Abstract

After the collapse of communist rule, scholars of Russia looked forward to reading in personal diaries ‘what Soviet citizens really thought’ about a regime that allowed so little space for the private world. Diaries appeared to promise access to the ‘inner man and woman’ and to confirm once and for all the dreams and aspirations of Soviet citizens. Surely the Soviet diarist would turn out to be a desk-drawer dissident, criticising the Soviet order and preserving a personal authenticity that chimed with Western liberal notions of the free personality?The answers turned out to be quite different, and a debate over ‘Soviet subjectivity’ continues to draw upon diaries as fruitful sources that uncover a range of allegiances and conceptions of the self. Many had a ‘revolution on their mind’, but some refused to ‘speak Bolshevik’ on the page. After discussing the theoretical approaches to reading Russian and Soviet diaries, the chapter explores the range of interpretations that historians have applied to diaries and the opportunities still available in the study of this emerging category of source material.

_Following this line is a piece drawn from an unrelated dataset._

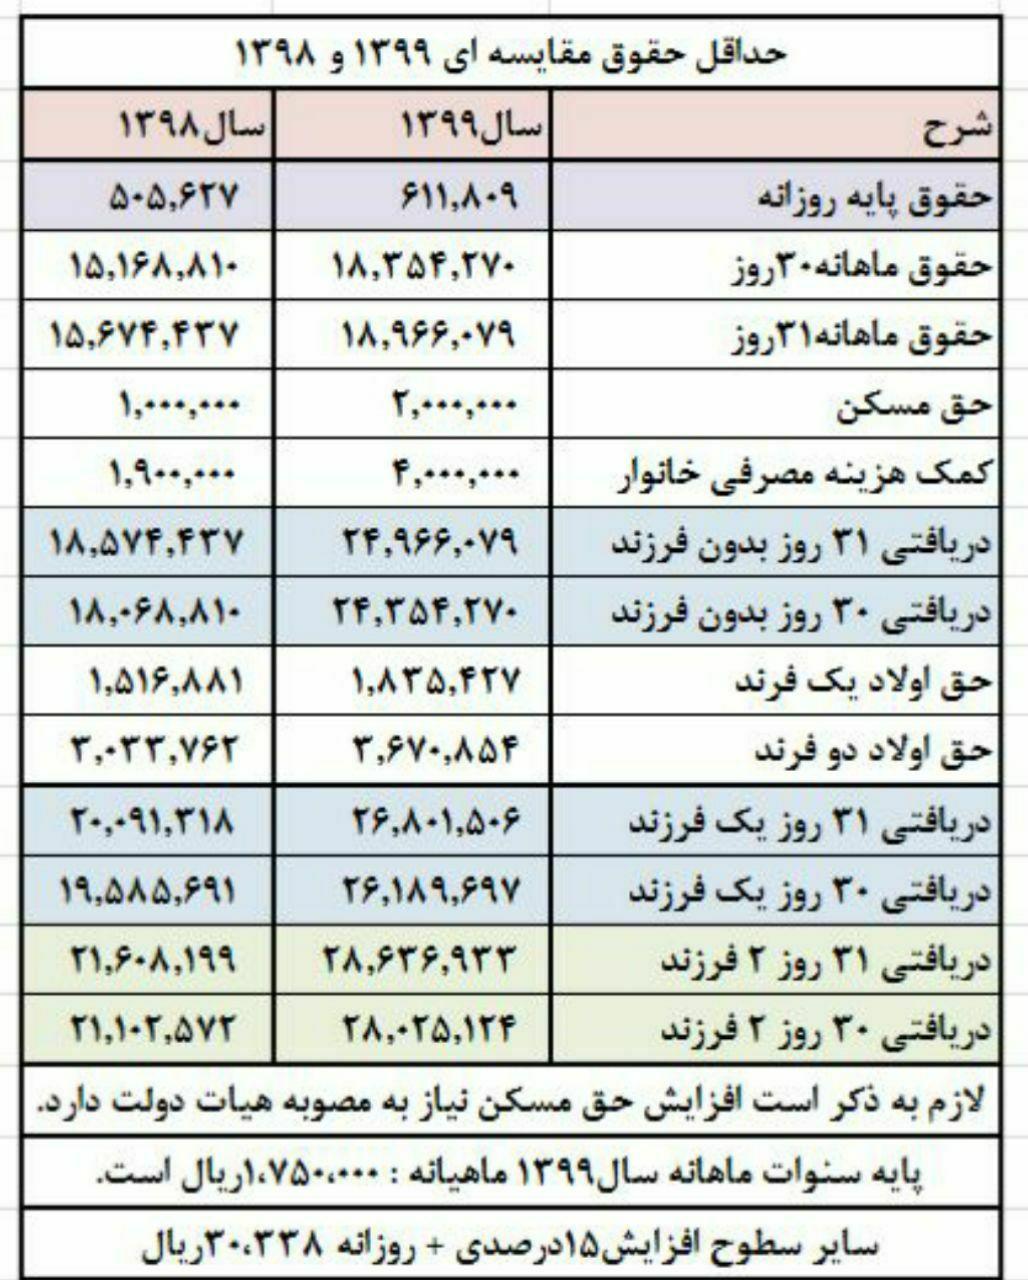 دانلود بخشنامه حقوق و دستمزد سال 1399 + آموزش

Problems of working with diaries include aspects of provenance, authenticity and integrity, and the question of rights to quote and publish; but they also include the much thornier questions of case-selection and ‘representativeness’. The chapter uses the example of the homosexual singer song-writer Vadim Kozin’s 1955–6 diary to illustrate these issues and suggest new approaches to reading Soviet diaries.